Are there immediate uses?
Neiswanger: In corporate environments, it may enhance strategic planning by delivering more accurate evaluations of market uncertainties and competitive dynamics. In healthcare scenarios, it may offer diagnostic assistance or facilitate treatment planning by aiding physicians in better considering uncertainty in symptoms and test outcomes. In personal decision-making, it may assist users in obtaining more informed, pertinent advice from language models regarding daily choices.
The system’s capability to align with human preferences has proven particularly beneficial in situations where allowing computers to identify the mathematically “best” solution could overlook crucial human values or limitations. By explicitly modeling stakeholder preferences and integrating them into mathematical evaluations of the value of different outcomes to individuals, the framework generates recommendations that are not only technically optimal but also practically acceptable to the individuals who execute them.
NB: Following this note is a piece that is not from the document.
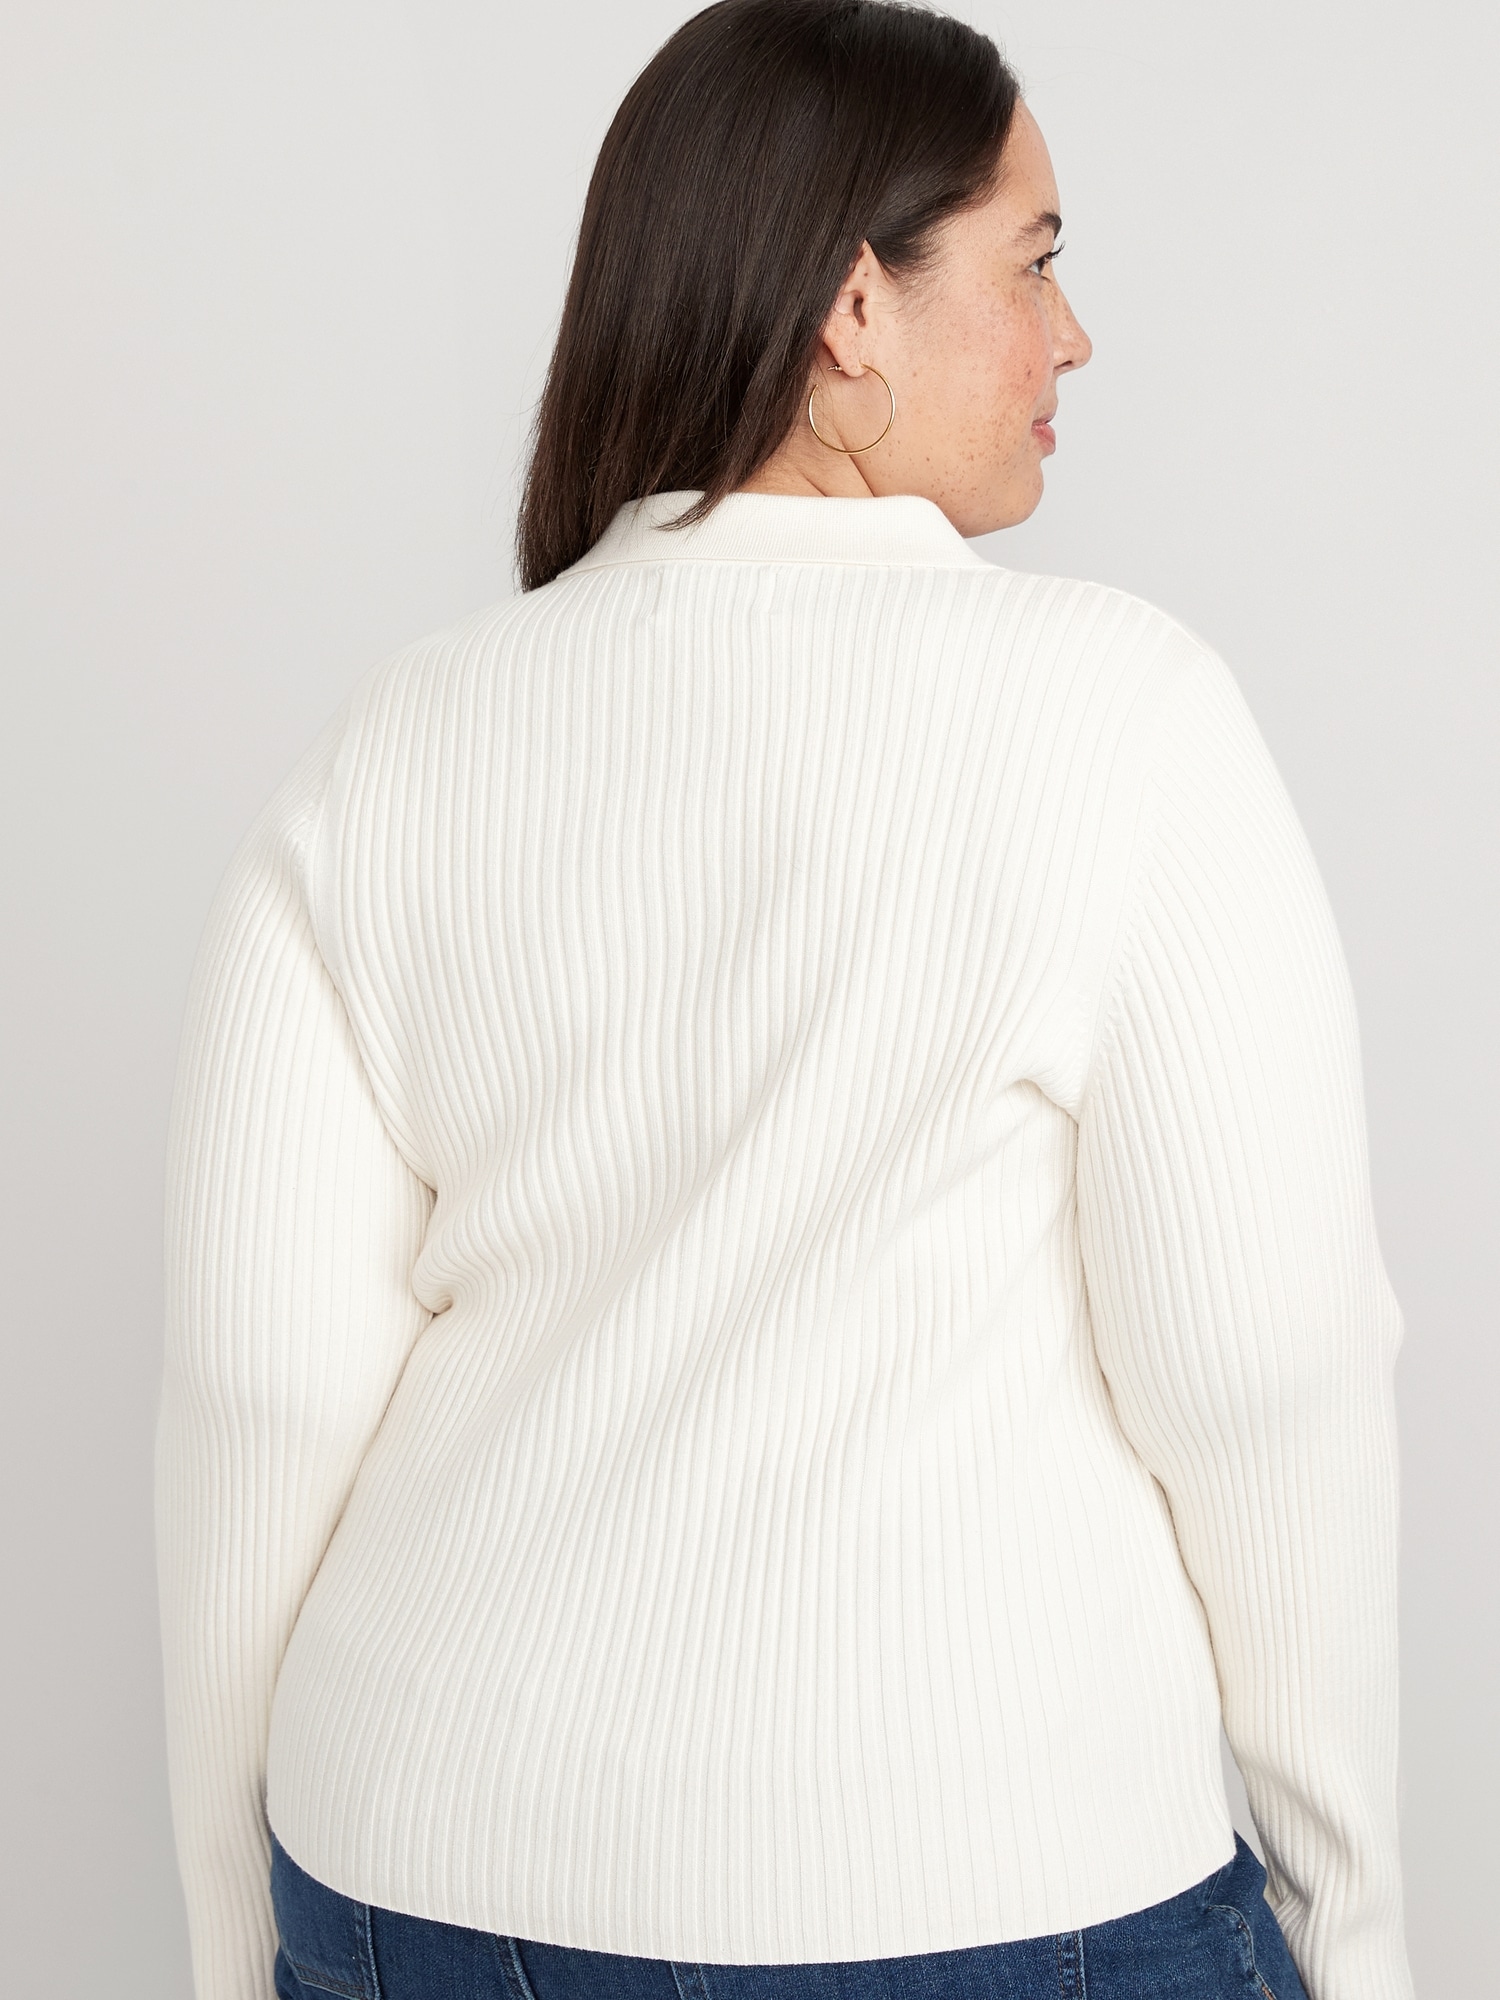 In The Thick Of It Rib-Knit Pullover Sweater in Tan, Black, White

What’s next for your investigation?
Neiswanger: We are currently investigating how this framework can be applied to a wider spectrum of real-world decision-making tasks under uncertainty, which includes implementations in operations research (utilizing mathematical techniques to address complex business challenges), logistics, and healthcare. One primary focus going forward is enhancing human auditability: creating interfaces that provide users with clearer insights into why an LLM made a specific decision, and why that decision is optimal.